Avec plus de 20 000 morts à la date du 19 avril 2020, l’Espagne est l’un des pays européens les plus touchés par la pandémie de Covid-19. Mais c’est le tissu économique des PME qui suscite le plus de craintes en termes de défaillances, et certains secteurs tirent mieux leur épingle du jeu que d’autres.
Le panorama global est sombre, comme un peu partout dans le sud de l’Europe. L’économie espagnole est en train de subir un choc de grande ampleur avec une baisse prévue du PIB de 8 % en 2020 selon le « World Economic Outlook » du FMI : l’impact est d’autant plus important que le pays avait affiché une progression de 2 % en 2019. Plus grave, le taux de chômage prévu à 20,8 % en 2020 (contre 14,1 % en 2019) devrait être le plus élevé en Europe après la Grèce.

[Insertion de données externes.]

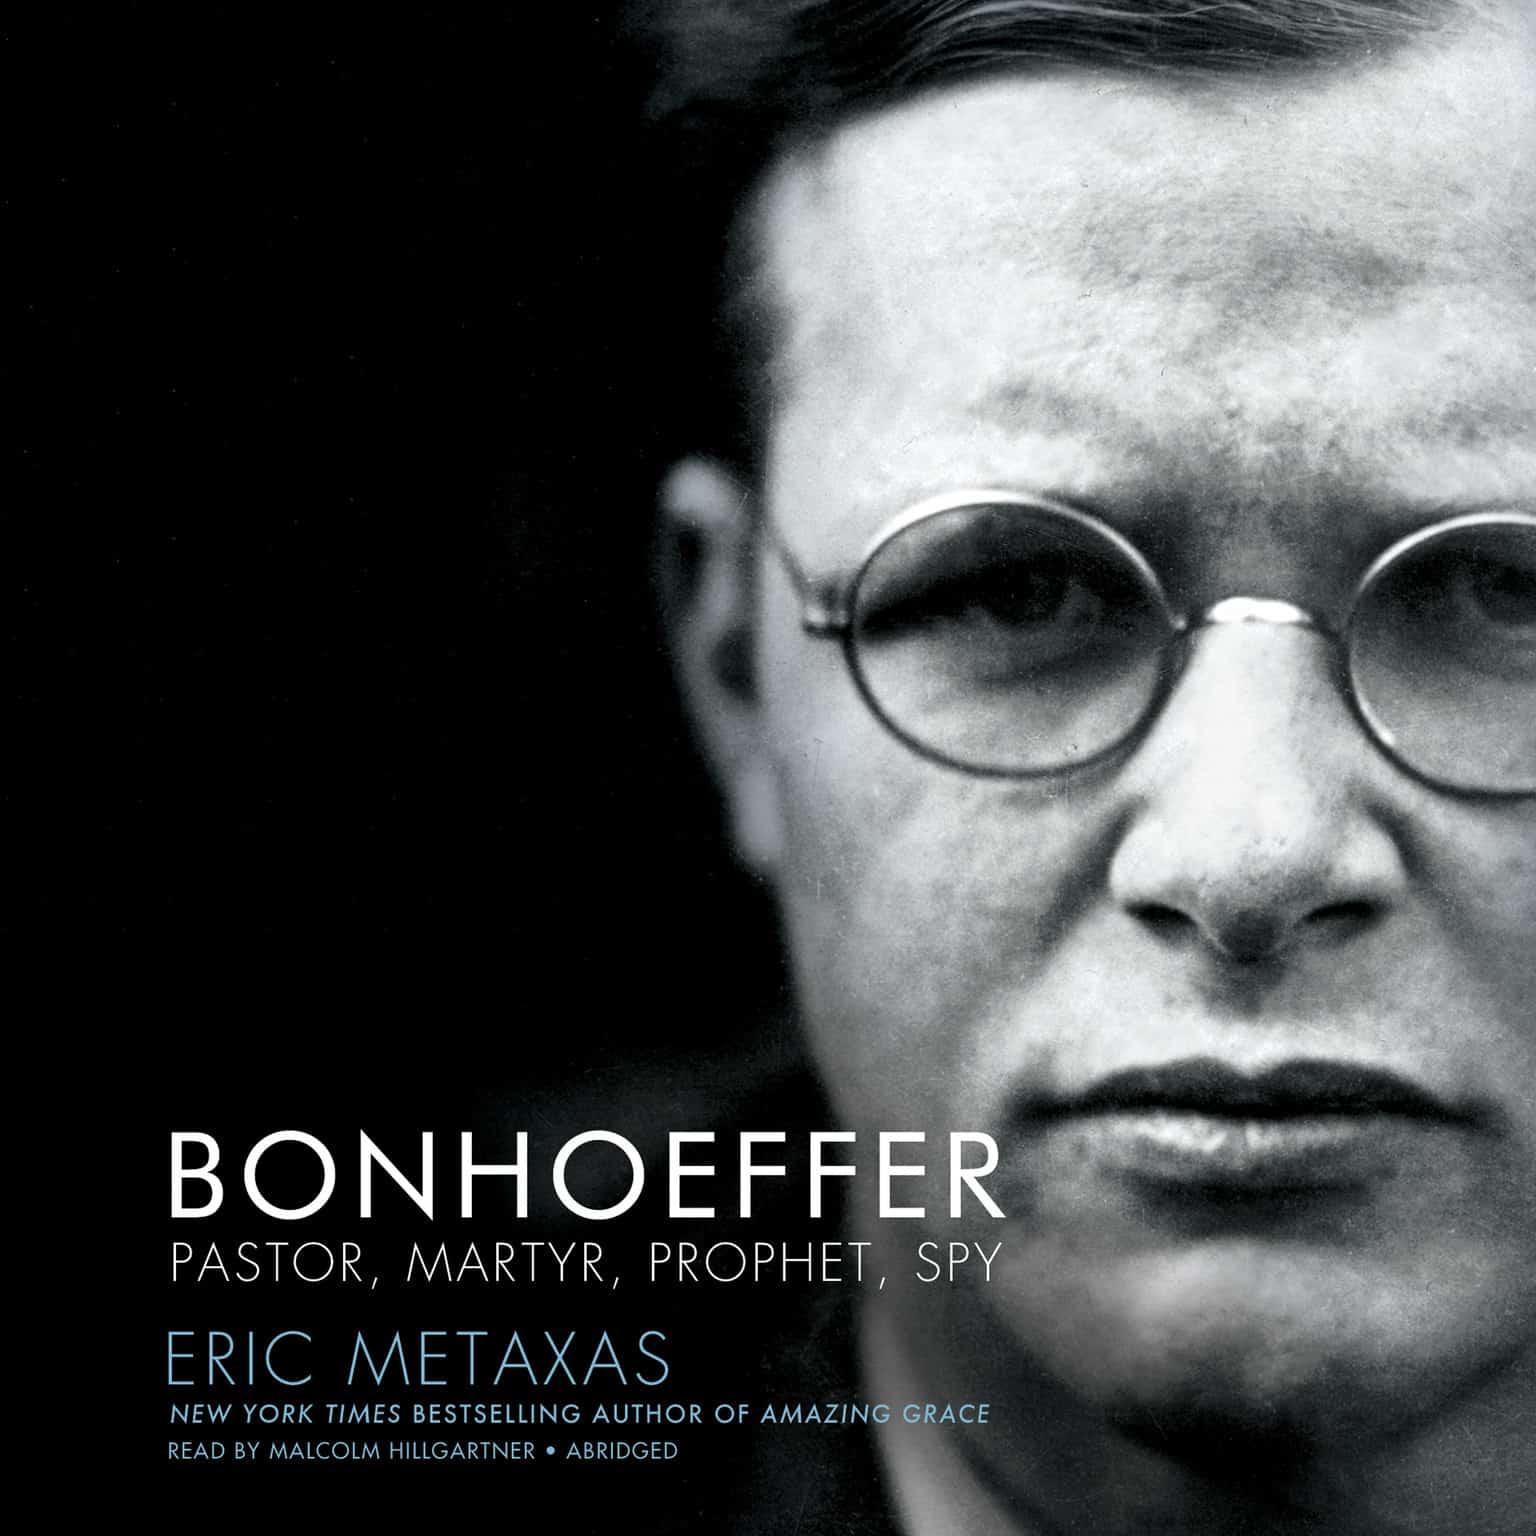 Bonhoeffer: Pastor, Martyr, Prophet, Spy – biography

Comme le rappelait récemment l’économiste espagnol José Carlos Díez, les entreprises et les ménages ont fortement réduit leur endettement depuis la grave crise de 2007. Le problème va se situer, cette fois, au niveau des finances de l’État avec un déficit équivalent à 9,5 % du PIB en 2020 et une dette qui atteindra 113 % du PIB en 2020.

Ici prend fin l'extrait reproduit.